After surveying machine translation systems based on UNL approach, authors reviewed various neural machine translation (NMT) systems and applications of neural networks in different phases of MT development. NMT is an extension of statistical machine translation. NMT is the process of building single network which can be tuned to maximize the translation. NMT performs end-to-end translation. In 2014, recurrent neural networks has been proposed by [26, 27] and [28] that has used encoder and decoder approach to perform translation. Encoder converts input sentence into an intermediate vector form and decoder converts vector to target language sentence. In 2015, a new model has been proposed [29] which enhances the basic encoder–decoder NMT for English–French translation.
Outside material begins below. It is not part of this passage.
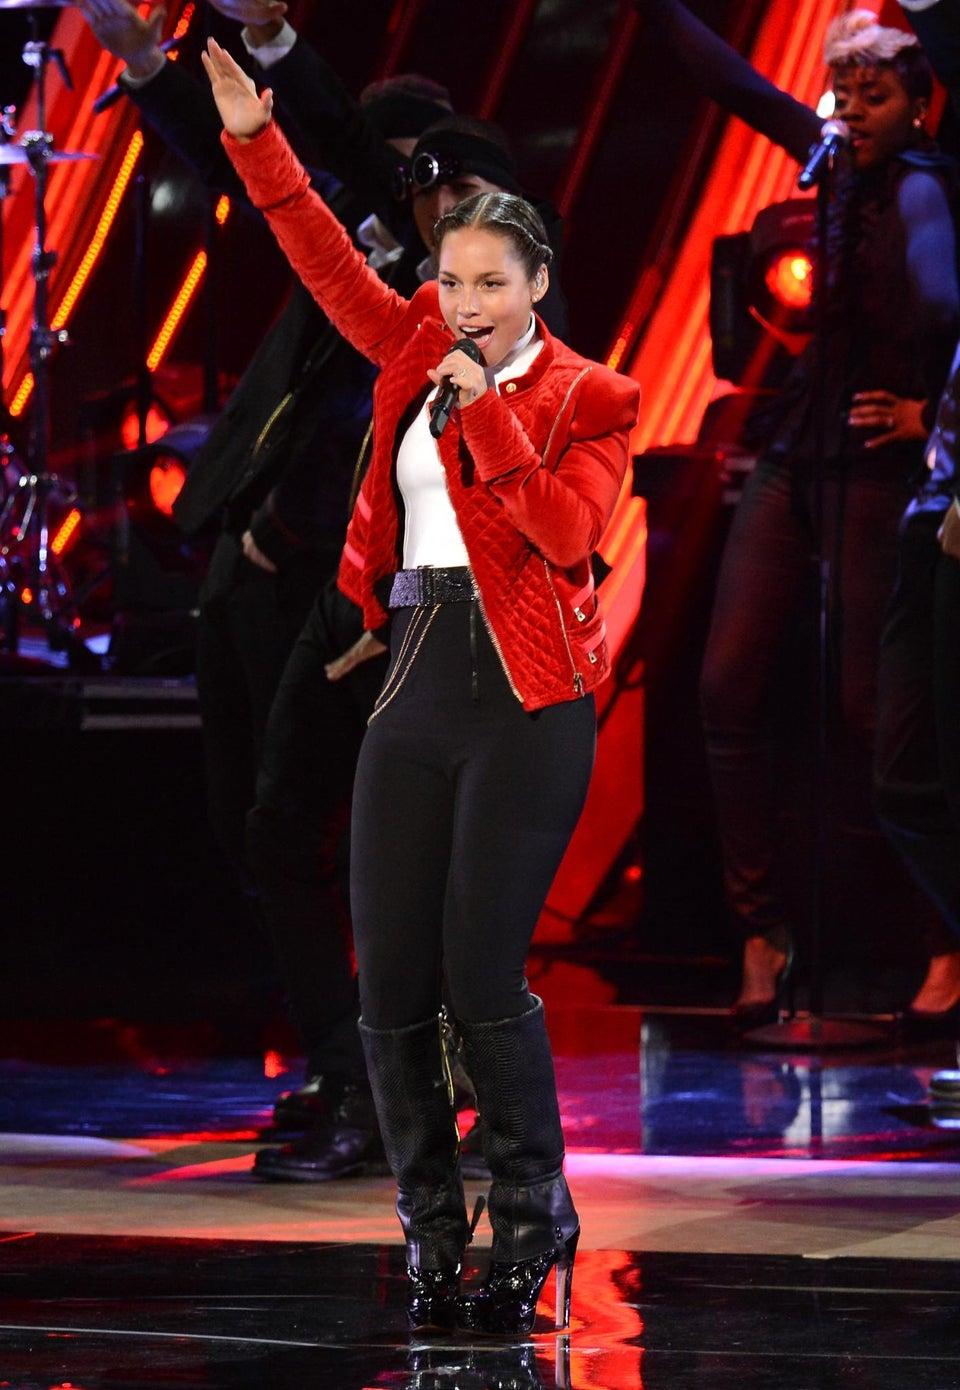 Alicia Keys to Sing National Anthem at Super Bowl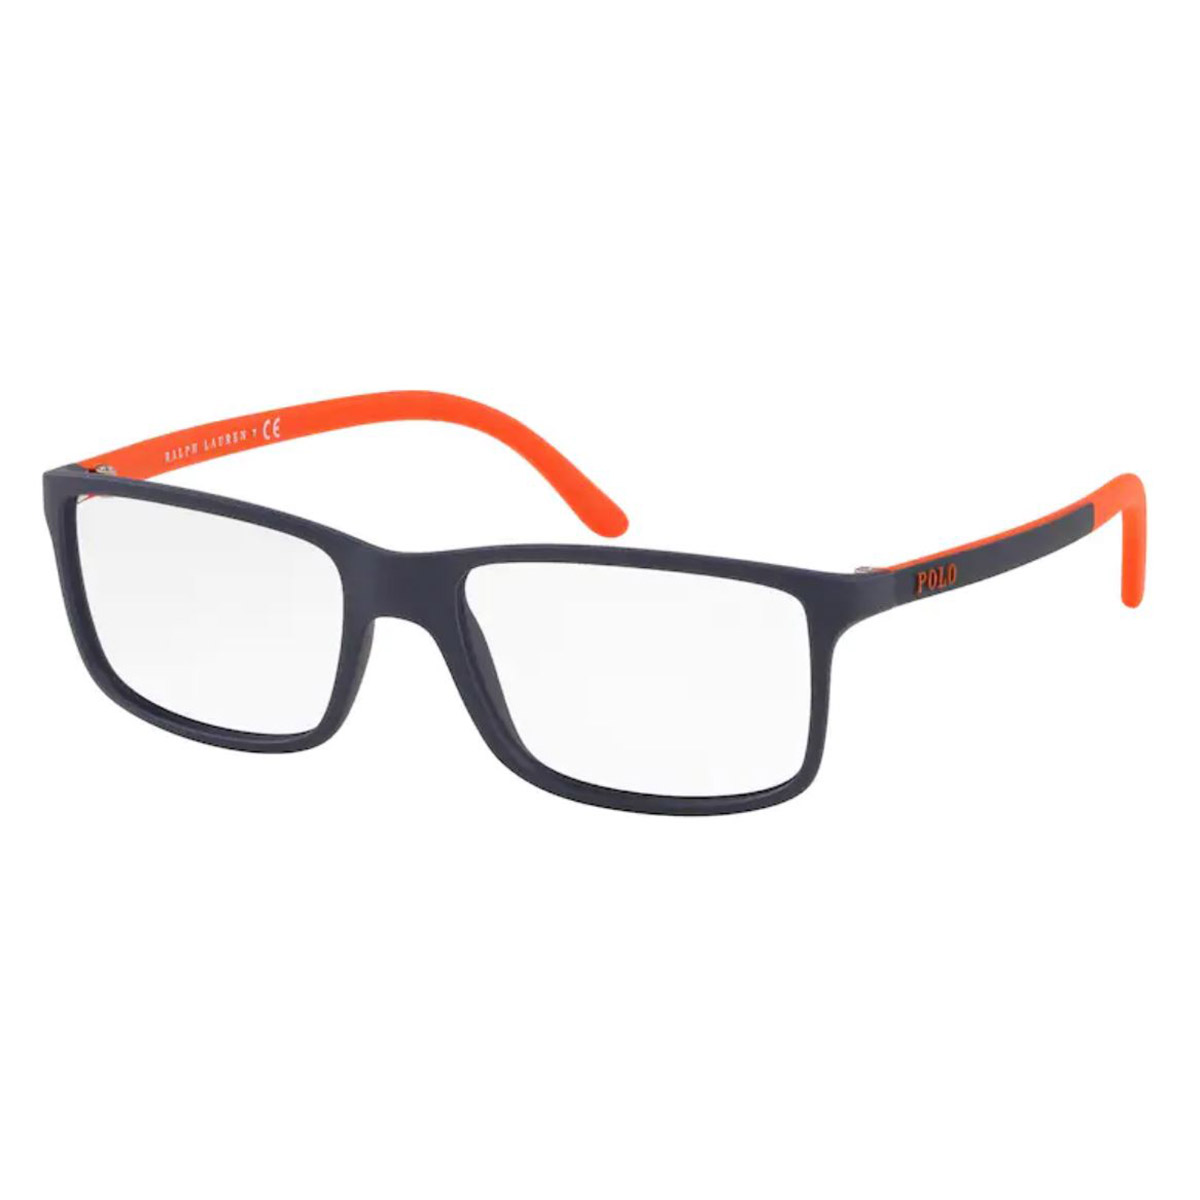 Óculos de Grau Masculino Polo Ralph Lauren PH2126 Azul com Laranja

Microsoft has also provided NMT based translation support for 21 languages and has added Hindi recently [30]. In 2016, Google has also applied NMT approach over the existing statistical machine translation approach for translation [31]. Facebook in 2017 has proposed implementation of NMT using Convolutional Neural Networks and claimed faster performance than other systems like given in [32] and [33]. Amazon has also launched its machine translation system using NMT approach [34]. An English to Punjabi NMT system has been proposed by [35] in 2018. English to Hindi MT system using NMT approach has been proposed by [36]. Deep neural network (DNN) [37] models have shown state-of-the-art performance in solving complex problems like speech recognition, image processing due to their extreme machine learning capabilities and performing computations in parallel as discussed in [38, 39] and [40]. LSTM have shown significant improvement in processing NL text like tagging, classification and machine translation [41,42,43,44,45,46,47,48,49,50,51] and [52].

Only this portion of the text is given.